4. Consideration of stakeholders' interests.
5. Commercial wisdom of the Committee of Creditors (CoC).

Issue-wise Detailed Analysis:

1. Approval of the Resolution Plan:

The challenge in the appeal was against the approval of the Resolution Plan by the Adjudicating Authority (NCLT). The Resolution Professional filed MA 2972/2019 for the approval of the Resolution Plan under Section 30(6) of the Insolvency and Bankruptcy Code, 2016, read with Regulation 39(4) of the Insolvency and Bankruptcy Board of India (Insolvency Resolution Process for Corporate Persons) Regulations, 2016. The Adjudicating Authority approved the Resolution Plan submitted by Sify Technology Limited, which was contested by the appellant.

2. Change in the Nature of the Business of the Corporate Debtor:

The main objection raised by the appellant was that the Resolution Applicant intended to change the business of the Corporate Debtor from printing to running Data Centers. The Adjudicating Authority observed that there is nothing in the Code that prevents a Resolution Applicant from pursuing a different line of business. The Code only contemplates that the Corporate Debtor shall continue to be run as a going concern, which does not bind the Resolution Applicant to the erstwhile business, especially when the existing business is obsolete.

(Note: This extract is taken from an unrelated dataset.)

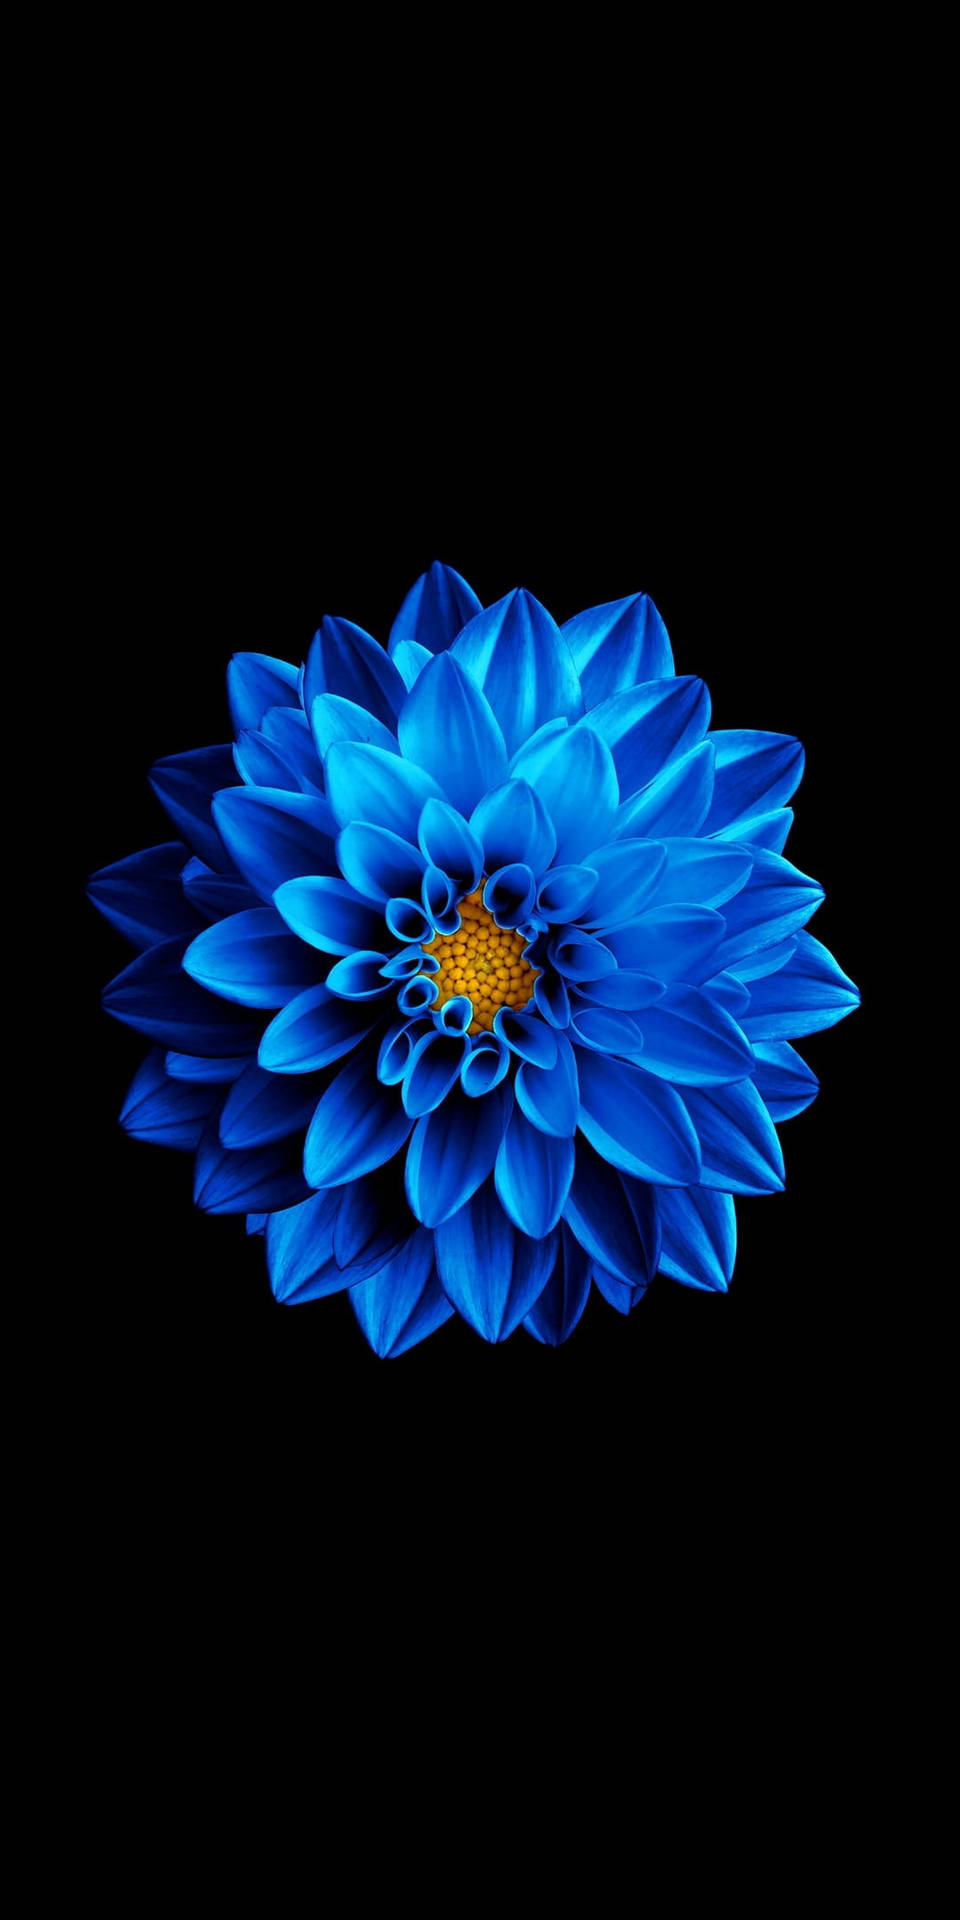 Amoled Android Blue Flower Background

3. Compliance with the Insolvency and Bankruptcy Code (IBC) and Related Regulations:

The appellant argued that the Resolution Plan did not comply with the intent, object, and purpose of the Code. The Adjudicating Authority, however, found that the Resolution Plan was compliant with Section 30(2) of the Code and that the commercial wisdom of the CoC should be respected. The CoC had approved the Resolution Plan with a majority of 70.5%. The Tribunal emphasized that the limited judicial review available is to ensure that the CoC has taken into account the need to keep the Corporate Debtor as a going concern, maximize the value of its assets, and consider the interests of all stakeholders.

4. Consideration of Stakeholders' Interests:

The appellant contended that the Resolution Plan did not protect the interests of all stakeholders, particularly the workmen and employees. The Tribunal noted that the Resolution Plan provided for the continuation of services for approximately 70 active employees and workmen and made provisions for their training and upskilling. The Plan also earmarked substantial amounts for workmen and employees, addressing their interests adequately.

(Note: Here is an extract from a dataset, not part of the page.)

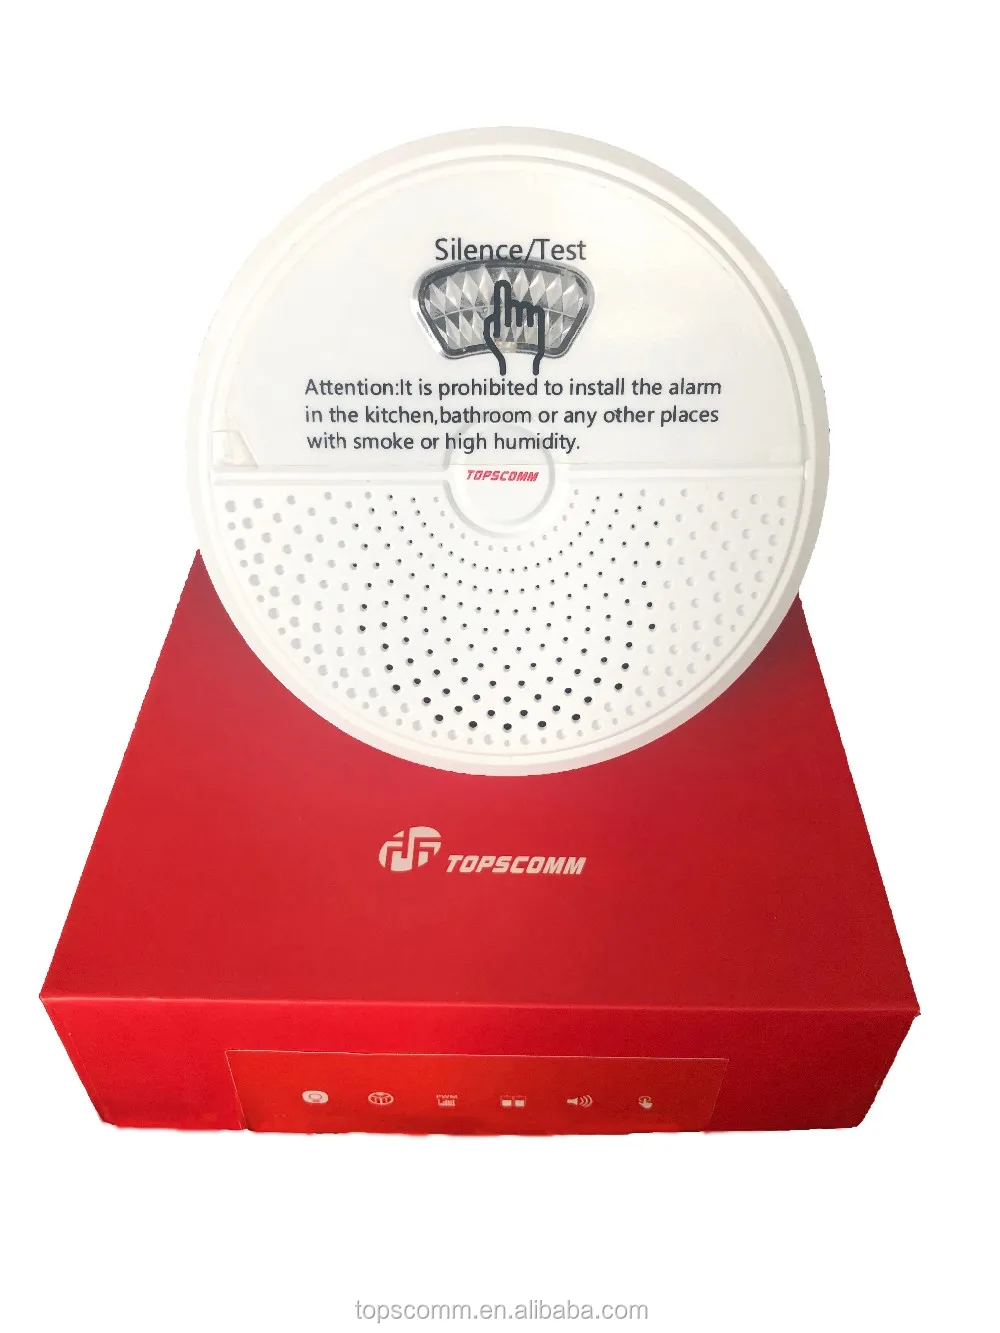 Travel Cheap Smoke Alarm Smoke Detector Of Topscomm Wireless Fire Alarm System Buy Cheap Smoke Alarms Wireless Fire Alarm System Travel Smoke Alarm Smoke Detector Product On Alibaba Com

5. Commercial Wisdom of the Committee of Creditors (CoC):

The Tribunal reiterated that the commercial wisdom of the CoC is paramount and not subject to judicial review, except on limited grounds specified in Section 61(3) of the IBC. The CoC's decision to approve the Resolution Plan submitted by Sify was based on a thorough evaluation of the feasibility and viability of the Plan. The Tribunal emphasized that the CoC's decision, taken by a majority vote, reflects a collective business decision that should not be interfered with by the Adjudicating Authority.

Conclusion:

The Tribunal concluded that the Resolution Plan approved by the CoC met the requirements specified under Section 61(3) of the IBC. The Plan was found to be feasible and viable, balancing the interests of all stakeholders, and not in contravention of any law. The Tribunal dismissed the appeal, upholding the Adjudicating Authority's approval of the Resolution Plan.